Young Love (#51)

happy-togetherAfter a perfect proposal in a Kansas Holiday Inn room, Nate and I enjoyed 3 glorious days together dreaming of our bright future. But on July 6th, we said emotional goodbyes and went back to living 575 miles apart. It wasn’t easy, but Nate had only 3 more weeks of Army camp before graduation. After that we would be together every day. At least that was the plan.

The next hurdle was telling my parents we’d gotten engaged.

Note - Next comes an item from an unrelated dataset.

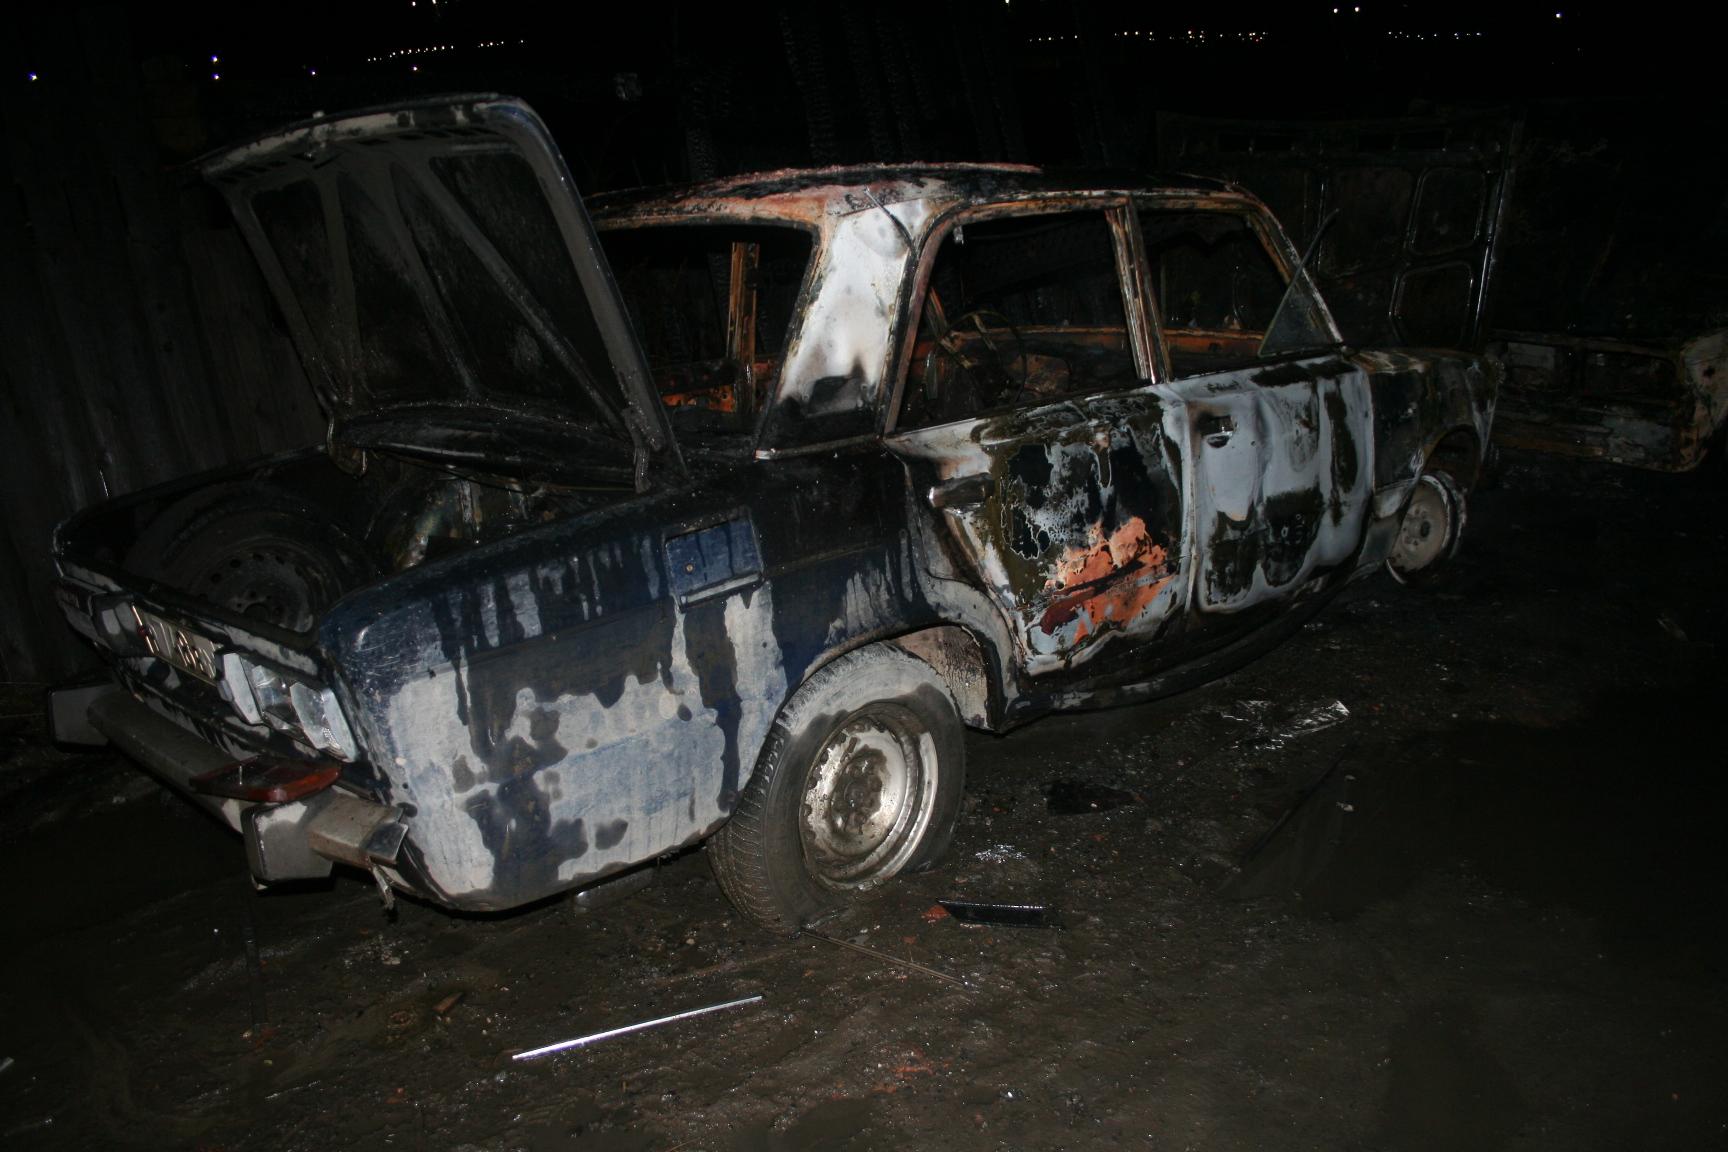 На Сортировке ночью сгорели три ВАЗа, принадлежавшие мигрантам

July 6, 1969 – To my friend, future husband, and future lover. Saying goodbye to you about an hour ago was just a temporary halt to our pleasure in being together. The last 3 days have been so meaningful that all I’m feeling is gratitude to the Lord for abundant grace in His dealing with both of us, seeing to it that every detail is being provided for as we make progress together. The thought of being your wife brings me great pleasure! I love you! (Smack-a-roo!)

July 6, 1969 – Dearest Meg. I love you! I feel so secure in your love and in my faith in Jesus Christ. This week, Tuesday through Saturday, I’ll be out on bivouac again. But I know these next weeks will sail by! And I hope you will be able to come to Ft. Riley for my graduation from this ROTC camp – July 25.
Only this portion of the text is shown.